If a container dies, Samza currently suspends processing of the input stream 
partitions assigned to that container until a new container has been brought up 
(which then resumes processing from the last checkpoint). That downtime can be 
substantial if the job has a lot of local state which needs to be restored.

If the application can tolerate such processing latency, that's not a problem. 
However, some jobs may have an SLA that requires them to always process 
messages with low latency, even if a container fails. For such jobs, it would 
be good to have the option of enabling "hot standby" containers, which can take 
over from a failed container as soon as a failure is detected.

The proposed implementation is for each active container to have a standby 
container (thus doubling the number of containers required). The standby 
container consumes the checkpoint stream and any changelog streams produced by 
its active counterpart.
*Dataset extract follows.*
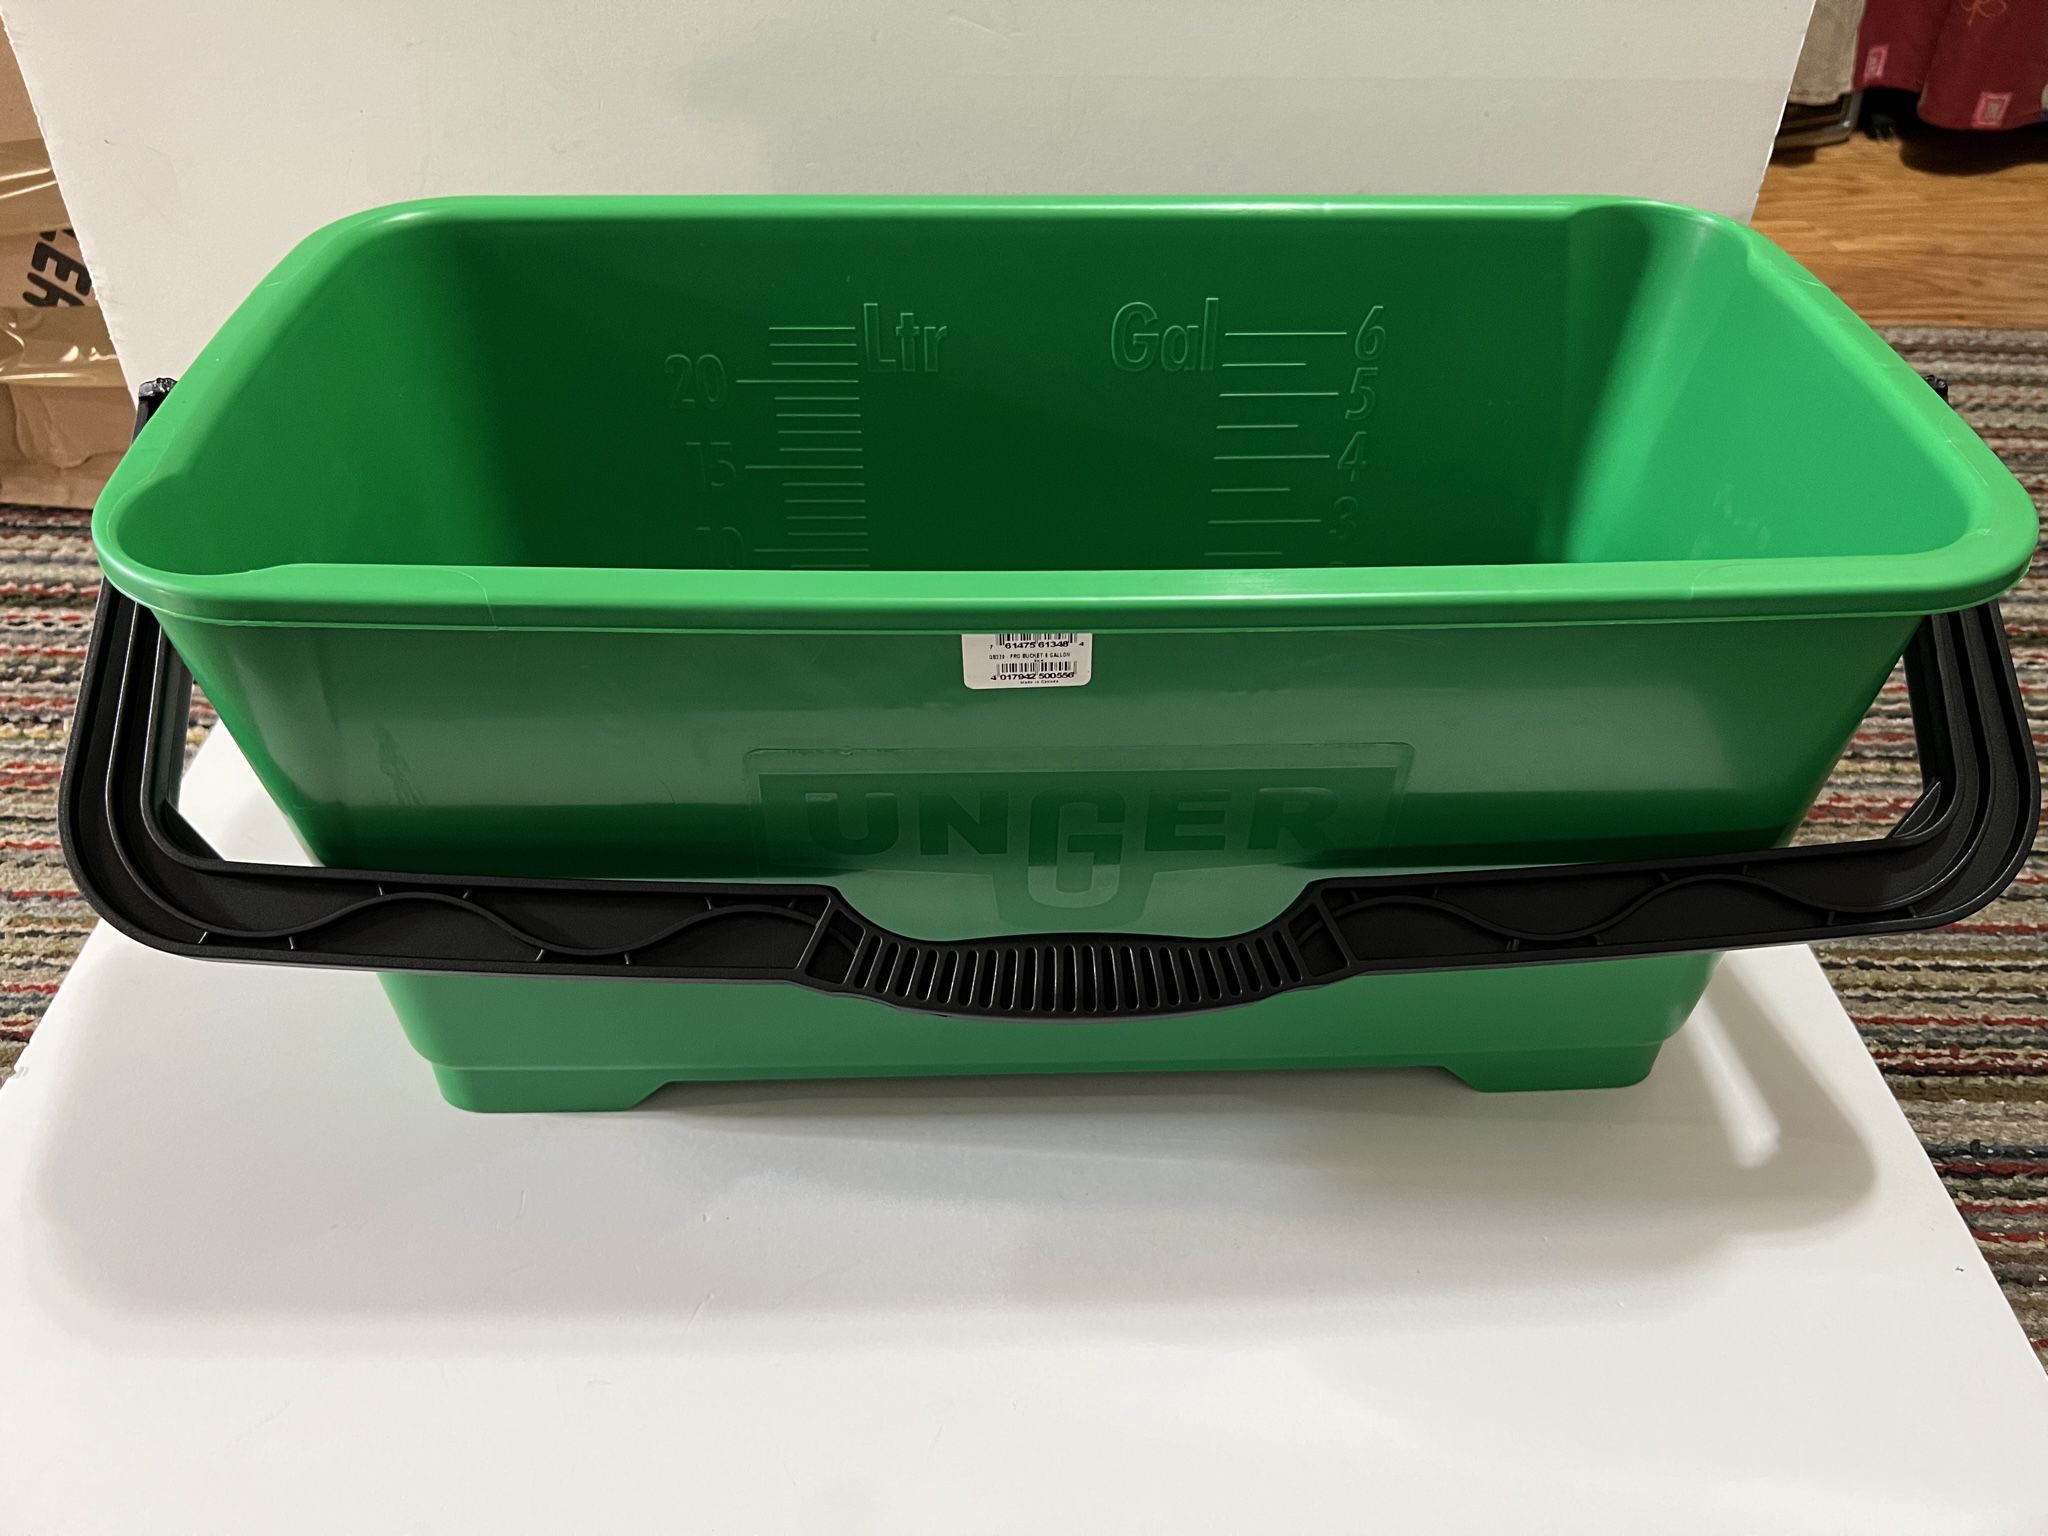 Unger Pro Bucket, 6 gal, Plastic, Green QB220 UNGER Unger QB(contact info removed)13484
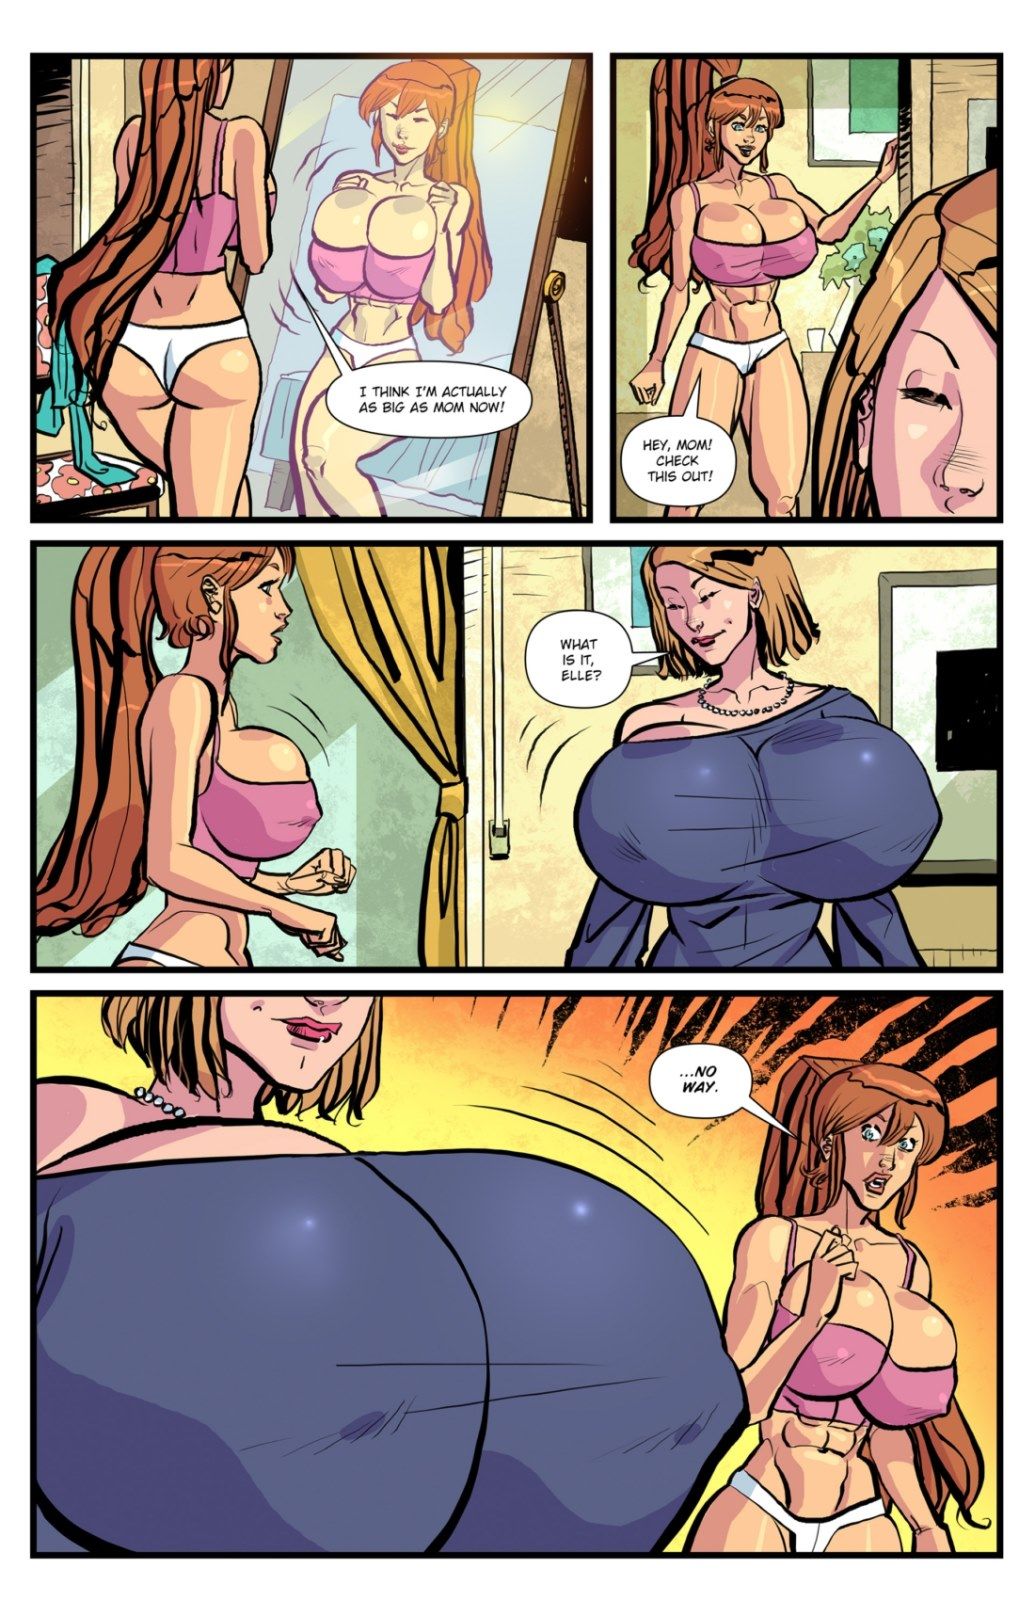 Expansionfan-The Only Tea for Me page 9

The standby looks quite like a container that is being 
restored after a failure, except that it is constantly in restoration mode, and 
doesn't consume any messages directly from the input streams. This is similar 
to leader-based replication (master-slave replication) found in many databases: 
a follower/slave is constantly mirroring changes on the leader/master, but does 
not process any writes from clients.

When an active container fails, its standby can be promoted to active (like 
failover in database replication). When thus instructed, the standby stops 
consuming the checkpoint and changelog streams, starts consuming the input 
streams from the most recent checkpoint, and starts producing output streams 
and changelogs. In the background, a new standby container can be fired up.

There will need to be some care to avoid split-brain problems (two containers 
simultaneously believe that they are active, leading to input messages being 
consumed twice and output messages being duplicated). Perhaps a container must 
stop processing if it has not been able to successfully check in with a central 
controller node (e.g. YARN AM) for some amount of time, and the controller must 
wait at least that amount of time before promoting a standby to active. 
Therefore this feature will probably require some direct RPC between containers 
and YARN AM (or equivalent).

This feature probably doesn't require any new user-facing APIs (from 
application code's point of view, a standby container looks like a container 
that is being restored), and just one boolean configuration flag to enable hot 
standby.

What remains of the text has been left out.